Within the framework of a unique list of rules, we obtain the following distributions:
By type of event source:Slightly larger statistics
- Windows ~ 80%
- Sysmon ~ 53%
- Proxy ~ 8%
- Linux ~ 4%
Basically, the current content is focused on the Windows system and Sysmon, in particular, only a few of the rules on other systems.
By the degree of content readiness:It turns out that the developers of the Sigma-rules marked as stable, less than 20% of all existing rules.
Let's sum up
There are a large number of rules in publicly available sources. They are regularly updated, and the rules for detecting indicators appear quickly, and sometimes even the technician for the loudest APT companies.

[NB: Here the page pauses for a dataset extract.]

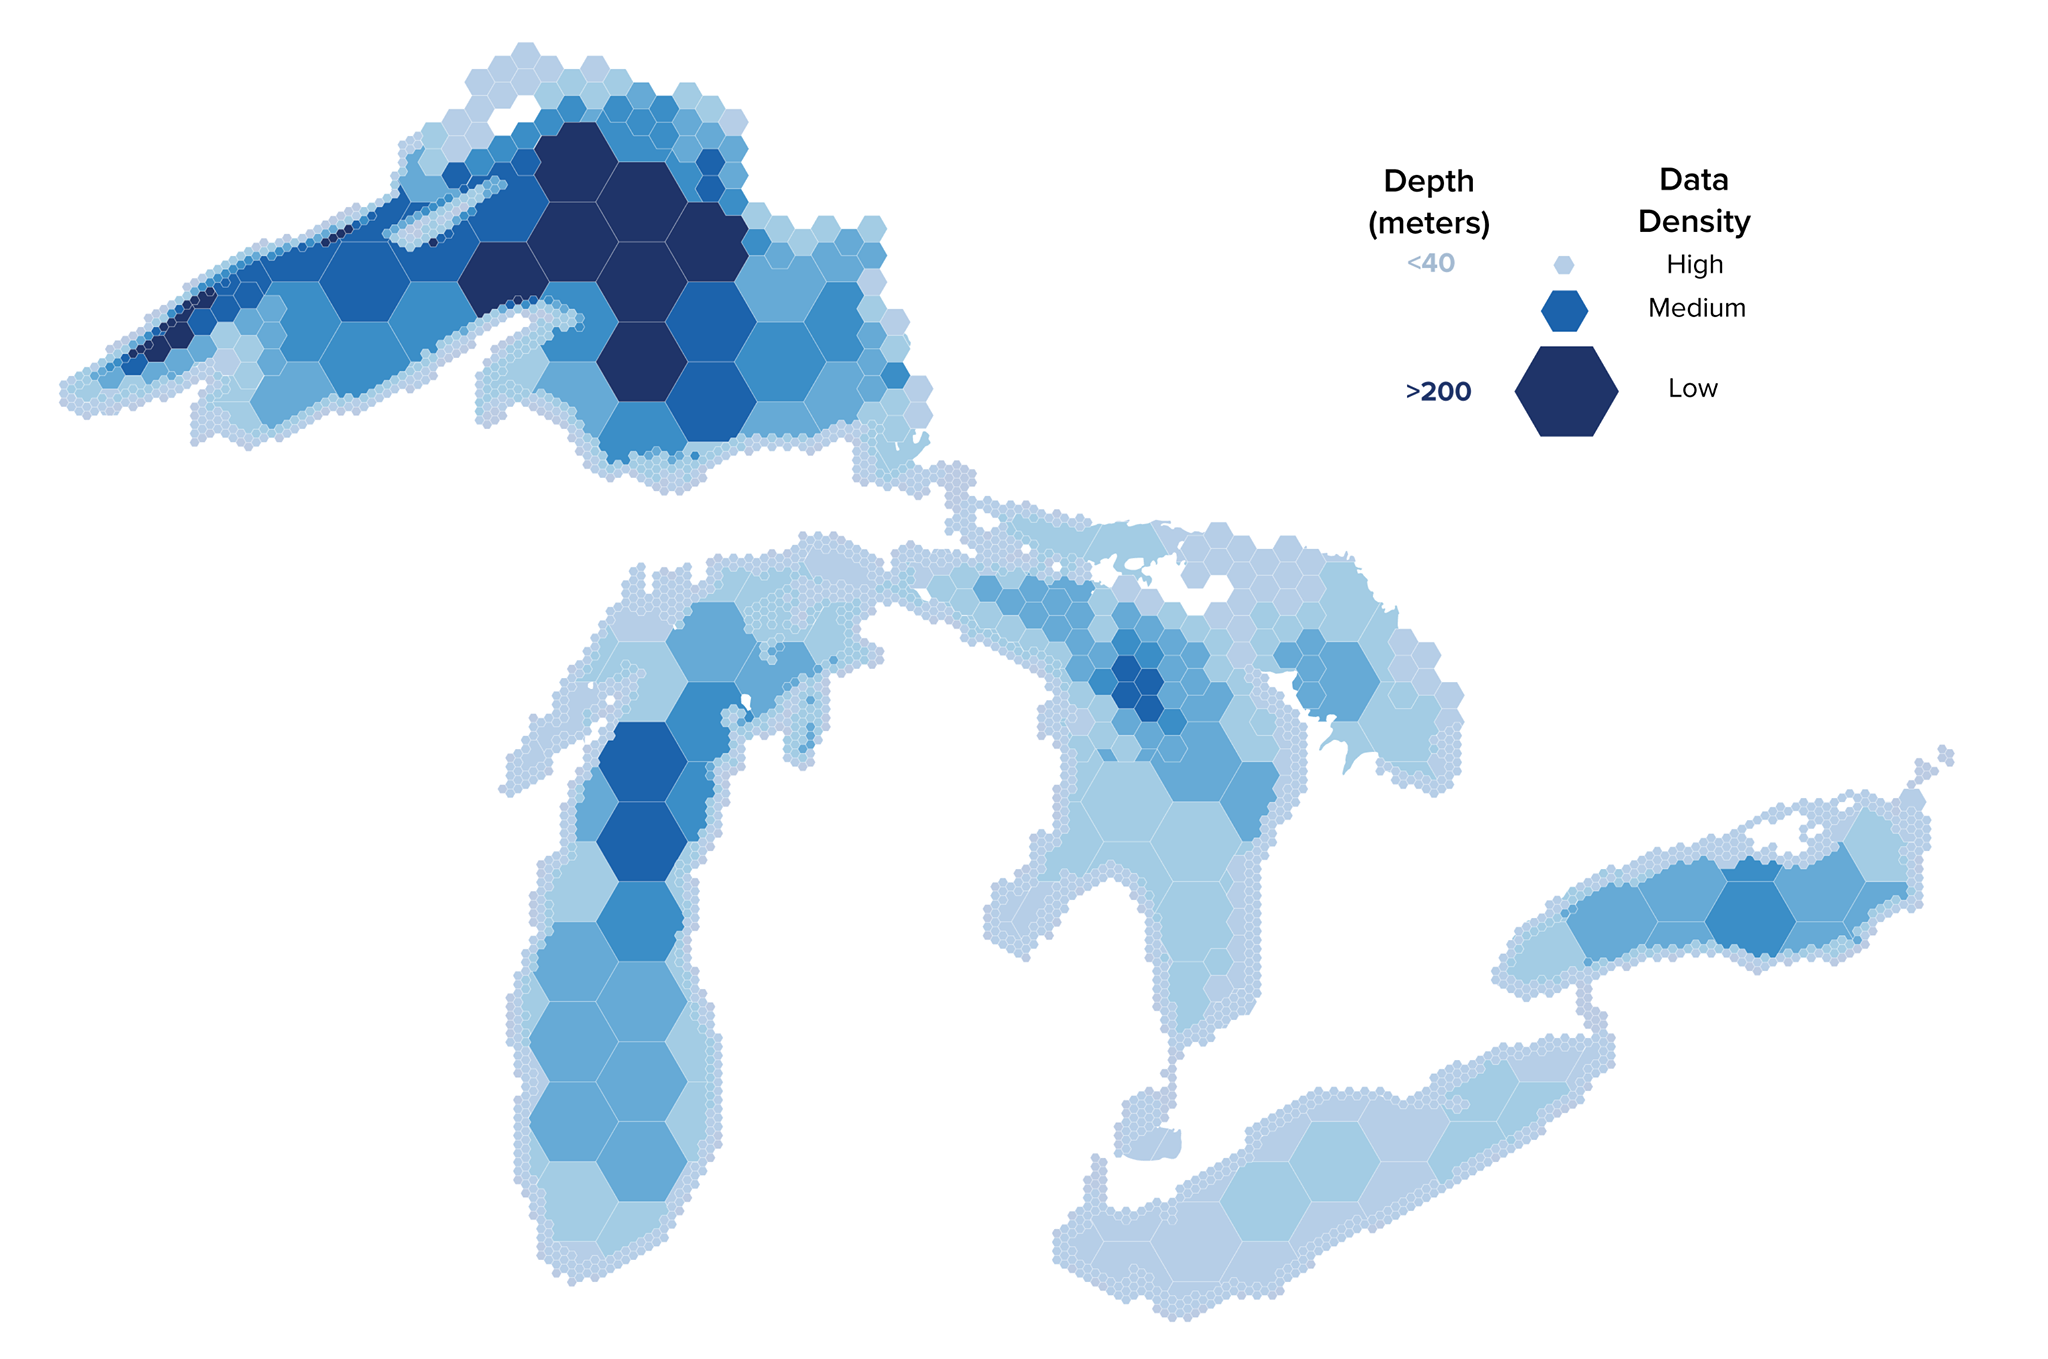 New Project Sets Out to Map Great Lakes
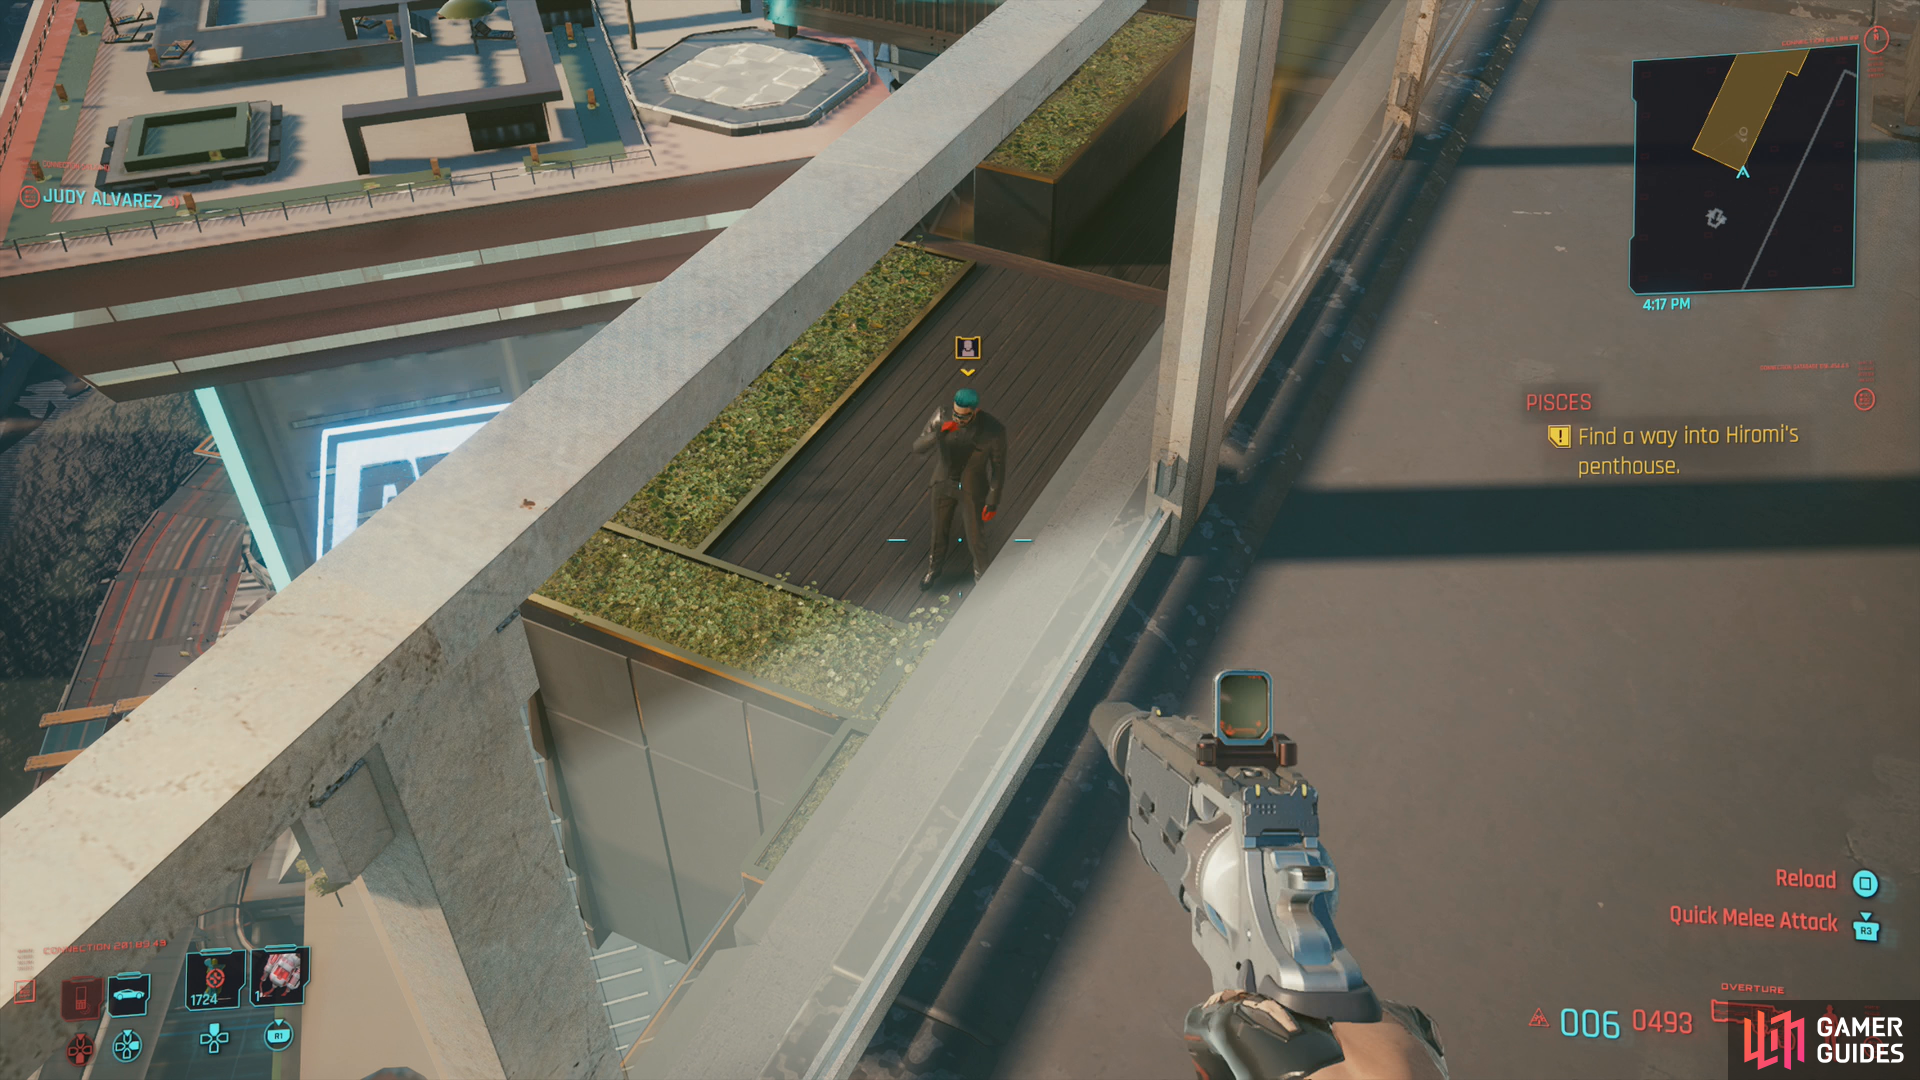 You can drop down directly onto the balcony outside of Hiromi's penthouse, but be wary of patrolling guards.

To apply the rules in real life there are a large number of restrictions:
- A lot of rules for Microsoft Sysmon, which is rarely used in the enterprise.
- There are many rules that actually verify IoC (hashes, IP addresses, URLs, User Agents). Such rules quickly become obsolete, and there are more efficient mechanisms than rules for searching for IoC.
- A lot of experimental content, respectively, imposes additional requirements on high-quality testing before commissioning.
In Infosecurity, we use the content of Sigma-rules as an additional source of knowledge for more efficient detection of incidents. If we find something interesting, we implement it already within the framework of our correlation rules, which take into account the core of the rules (Apache Spark), and the specifics of the infrastructures and the security tools we use.